There is a different kind of sparseness in Melissa Shui’s setting of ‘Snowflakes’ by Longfellow, an economy of musical means which counterpoises the poet’s use of parallelism and emphatic rhymes. Initially, the slow and richly chordal piano introduction made me wonder whether Shui had perhaps missed the essential lightness behind Longfellow’s formality, but that ‘suspicion’ was soon confounded, as her writing grew lighter and more animated, though strikingly economical. The setting of the final stanza is particularly successful, notably in the way phrases such as “the poem of the air” and “slowly in silent syllables” are presented. The closing couplet, “Now whispered and revealed / To wood and field” is especially beautiful. Throughout, Duncan and Switzer are very persuasive advocates for the piece, which comes from the composer’s Three Songs on Poems by Longfellow (1988).

Shui was born in Hong Kong, coming to Canada in 1974; she studied as an undergraduate at the University of British Columbia and as a postgraduate at the California Institute of the Arts and Yale University. Another fairly recent incomer to Canada is Iranian-born pianist and composer Iman Habibi. Though relatively little-known in the UK, Habibi has an impressive musical CV in North America: he has had works commissioned /performed by, amongst others, The Philadelphia Orchestra, The Boston Symphony Orchestra and the Toronto Symphony Orchestra. His compositions include works for orchestra, choir, solo piano and various chamber ensembles. He also has an impressive record as a pianist. On this disc he is represented by settings of two of the quatrains translated by Edward Fitzgerald from the poetry of the Persian Omar Khayyam (1048-1131). Habibi’s two settings are lucid and unflamboyant, sensitive to the rich implications of the two texts. Though there are moments in which one detects Habibi’s Iranian origins – being married to an Iranian my ears have been educated to a degree of familiarity with Persian music – the idiom is essentially Western and is handled with considerable sophistication and assurance. I hope to hear more of Habibi’s music.
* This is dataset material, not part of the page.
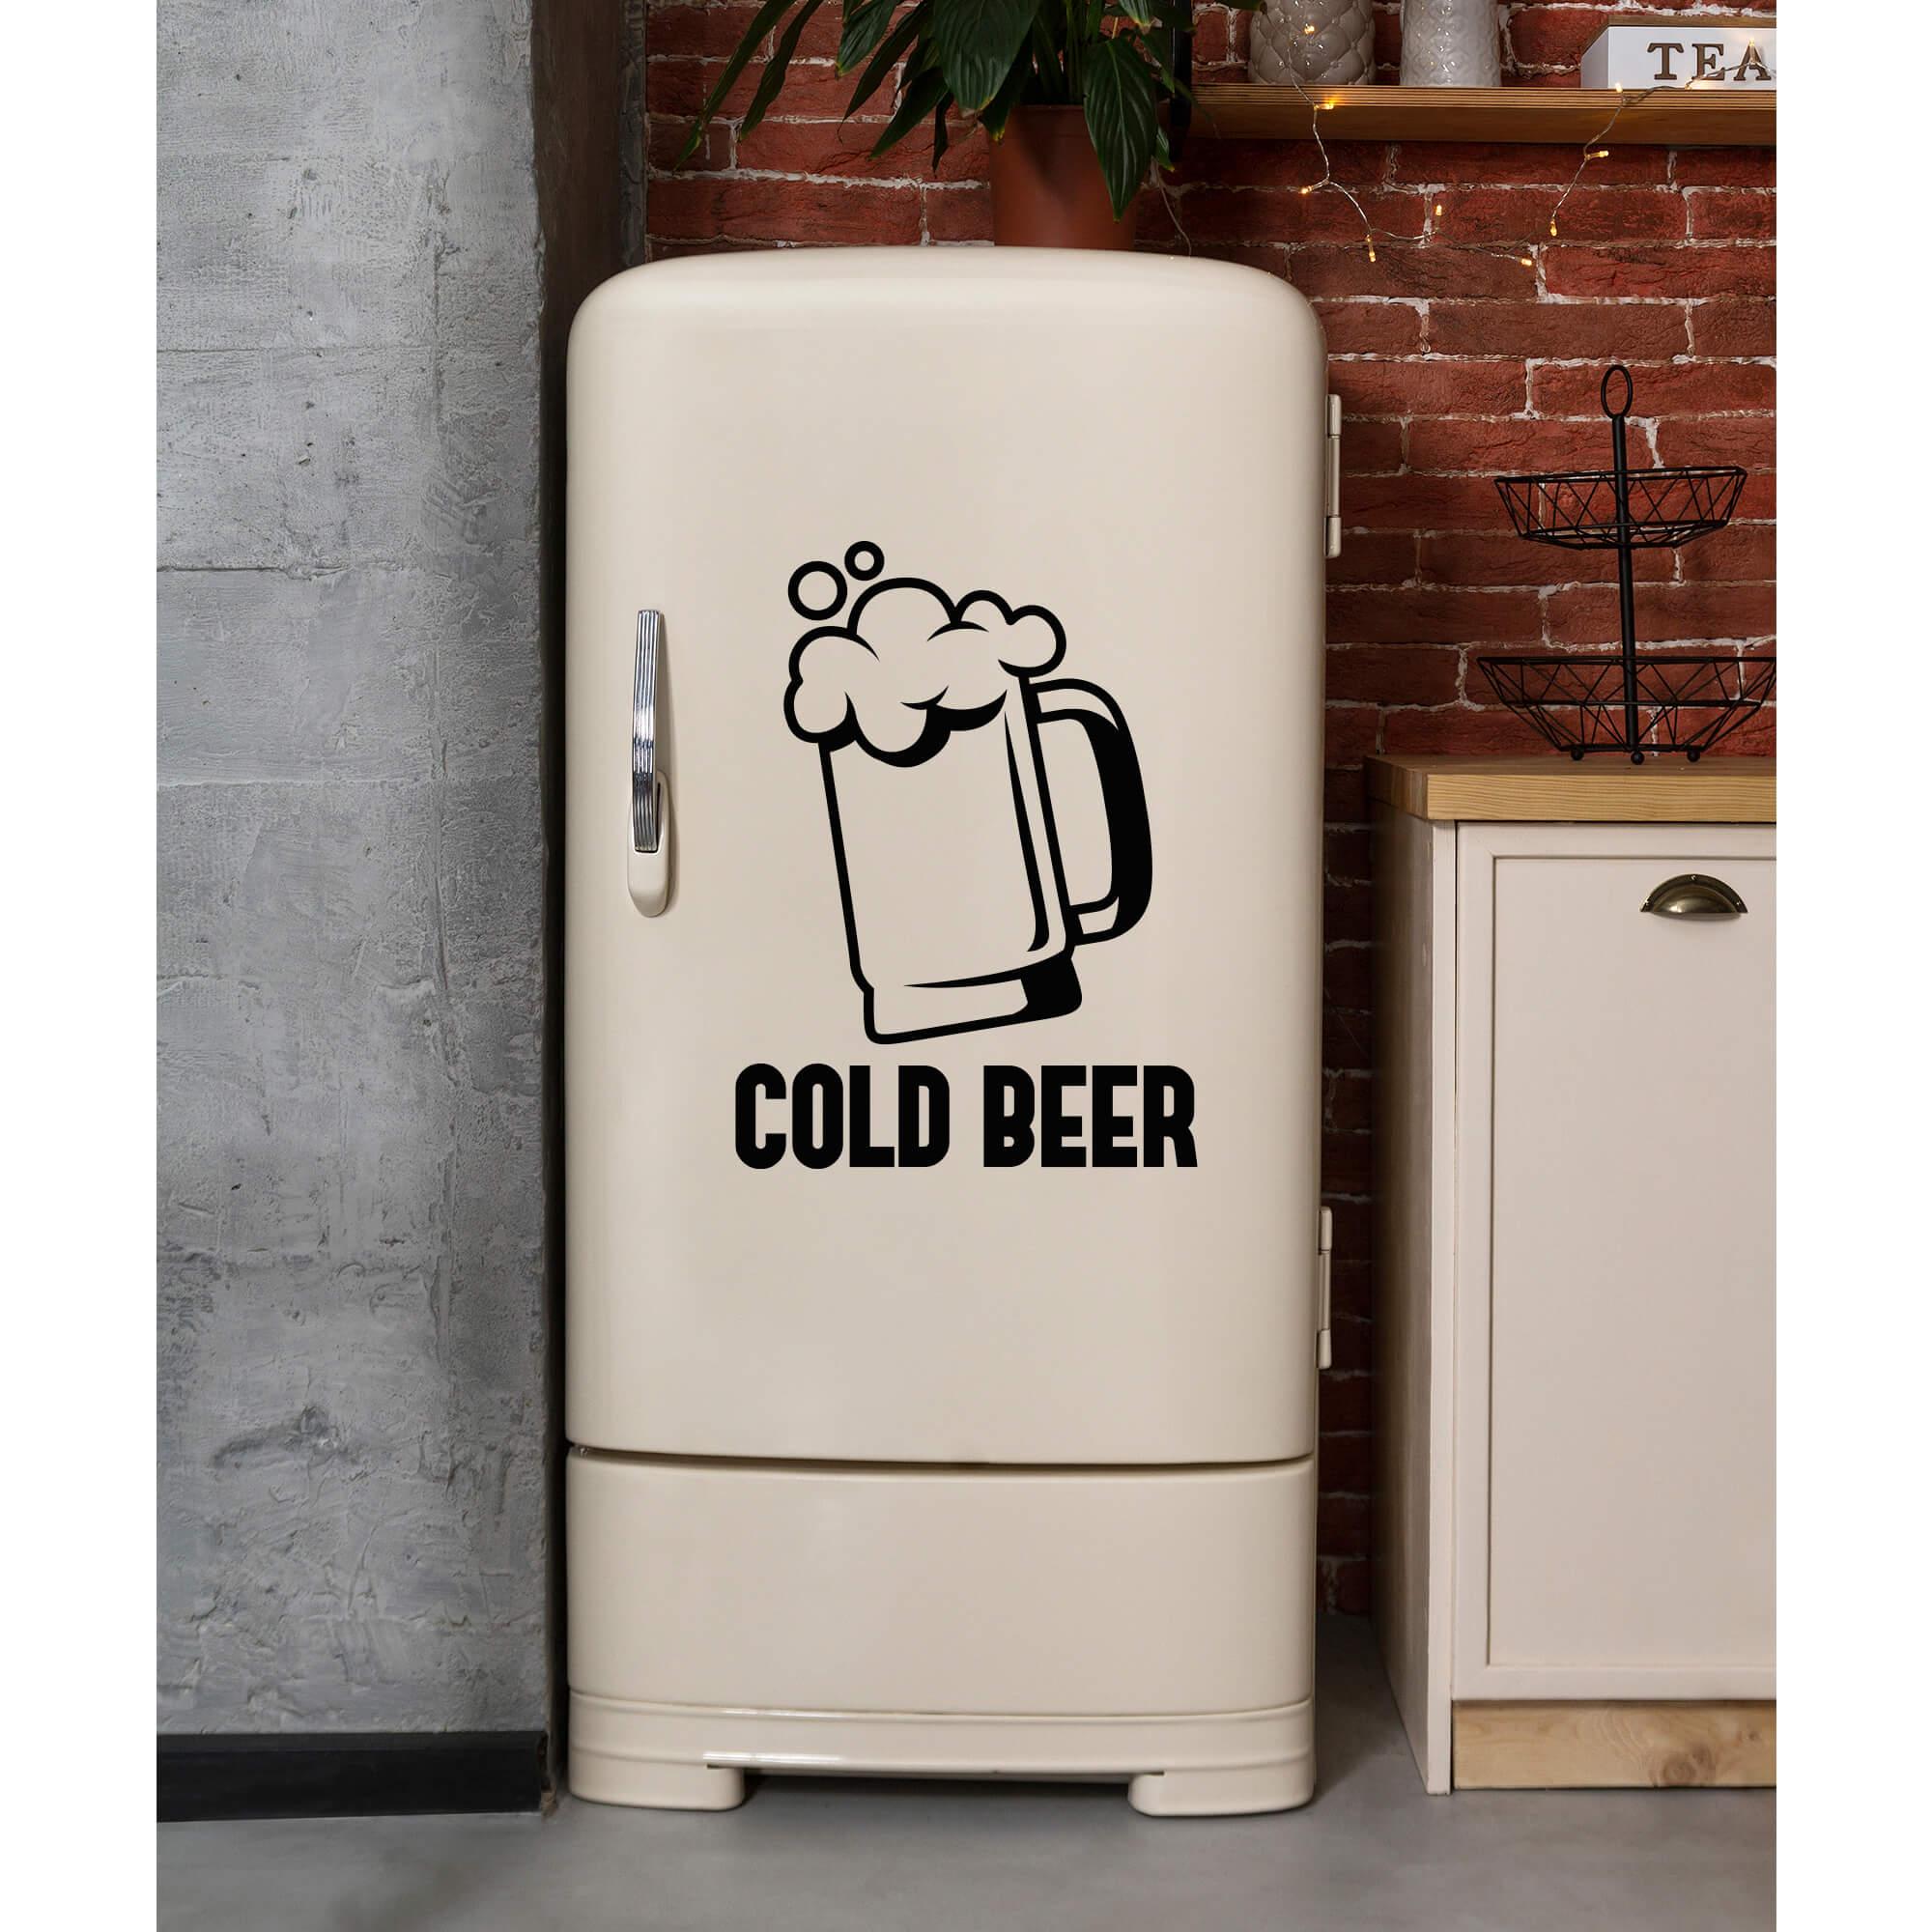 Adesivo Cerveja Gelada Cold Beer Decoração Geladeira Porta Parede

At some distance from these philosophically sophisticated songs are the three songs which make up Jocelyn Morlock’s Involuntary Love Songs, setting texts by a poet with whom I am wholly unfamiliar, Alan Ashton. The first, ‘Thaw’, recalls, with some uncertainty, what seems to be the first moment of love and desire: “Where was I? / […] / A young woman glowed like a bride, / glowed like a peach.” The closing song – ‘Script’ – is winningly sensuous in its celebration (and promise) of love: “Hold out your palms / I will fill them with licks / and nibbles and kisses […] spell out cryptic riddles / with the tip of my tongue.” Both of these songs capture the movements of heart and mind with affecting precision and understated power. But both are overshadowed by the song placed between them – ‘Matches’. Here the words seem to come, with their incomplete and confused statements and fractured repetitions, from a place near the edge of madness. Piano writing of steadily increasing intensity creates an emotional storm through which the singer must sustain meaning and clarity of expression. The trust and musical sympathy which binds Switzer and Duncan is heard at its most impressive here. The whole song, while being aesthetically striking, is powerfully disturbed and disturbing. There is discussion of these songs (which were originally written for soprano and piano) by the late Jane Manning in her Vocal Repertoire for the 21st Century, (Oxford University Press) in which she observes that “Words are set to ring out clearly and vocal lines stay within a practical range, following the contours of natural speech”. Morlock’s Involuntary Love Songs is one of the highlights of this fine album.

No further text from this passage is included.